P.Å | 09.08.2002 11:24

Global Warming is Changing Tropical Forests

Global Warming is Changing Tropical Forests

PANAMA CITY, Panama, August 7, 2002 (ENS) - Human activities are changing the global climate, and these changes are having far reaching effects on tropical forests, according to scientists from around the world gathered here last week for the Association for Tropical Biology annual meeting.

The scientists were hosted in Panama City by the Smithsonian Tropical Research Institute. They explored the Smithsonian's tropical biology research station at Barro Colorado, located on the hilltop that became an island when central Panama was flooded during the construction of the Panama Canal in 1911.

The Association for Tropical Biology says that tropical forests are undergoing unprecedented changes as 1.2 percent of the remaining forest is removed each year, as atmospheric carbon dioxide which fuels plant growth increases by 0.4 percent each year, and as global climate change begins in earnest.

Yadvinder Mahli from the University of Edinburgh's Institute of Ecology and Resource Management provided an overview of ongoing climate changes as a result of increasing carbon dioxide and other greenhouse gases in the atmosphere.

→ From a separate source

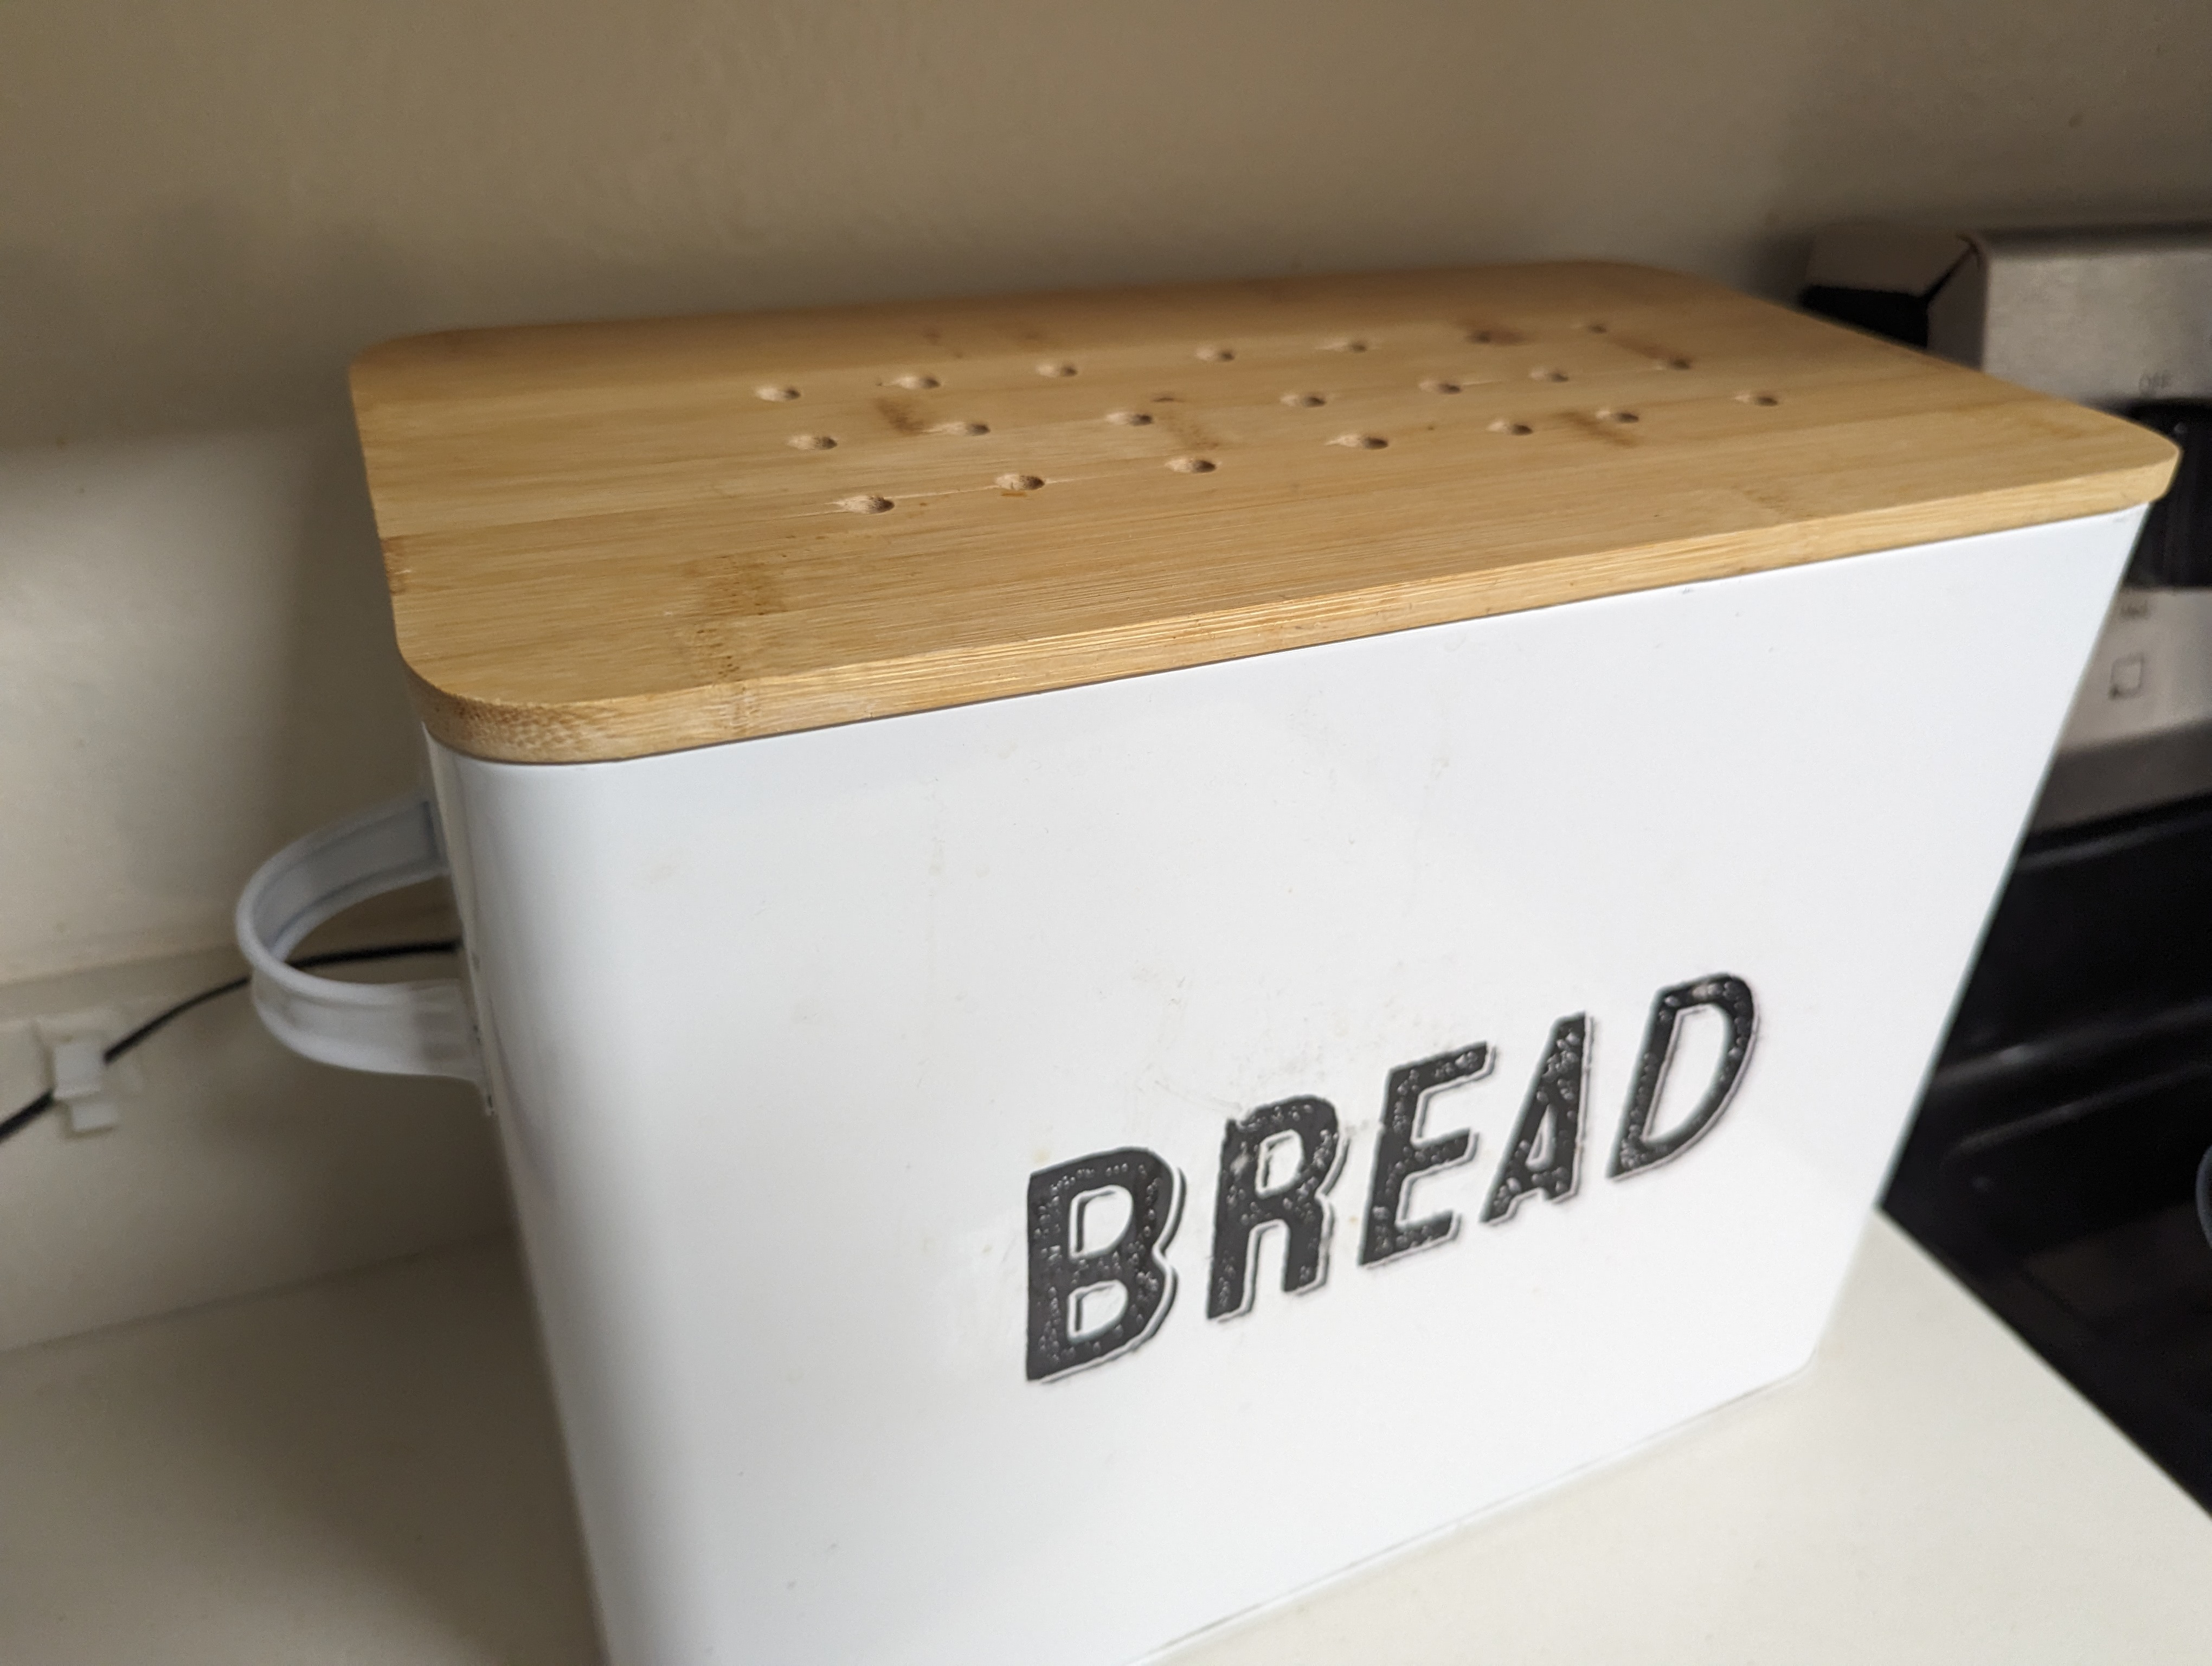 Bread bin showing ventilation holes and fan wire

Since the mid-1970s all tropical forest regions have warmed, Mahli said, although with regional variation in intensity. There has been even more regional variation in precipitation, but there appears to have been an overall global decline. No global trend in dry season intensity has been detected.

Higher global temperatures and increases in atmospheric carbon dioxide, the major greenhouse gas, will increase the amount of carbon stored by tropical forests by stimulating tree growth, data analysis and models have suggested.

University of Missouri scientist Deborah Clark, who works at the La Selva Biological Station in Costa Rica, re-evaluated the evidence and told the symposium that tropical forests may not be carbon sinks that can be used to absorb carbon dioxide generated by the burning of fossil fuels.

Instead, tropical forest may end up contributing even more carbon dioxide (CO2) to the atmosphere as temperature rises, she said.

Data from La Selva show a strong negative correlation between tree growth and higher temperatures. Temperatures experienced by canopy leaves may be close to the point at which respiration exceeds photosynthesis so that net production of carbon dioxide results, Clark suggests.

Positive feedback between higher temperatures and CO2 production by tropical forests could be catastrophic by resulting in accelerated increase in global CO2 levels, she said.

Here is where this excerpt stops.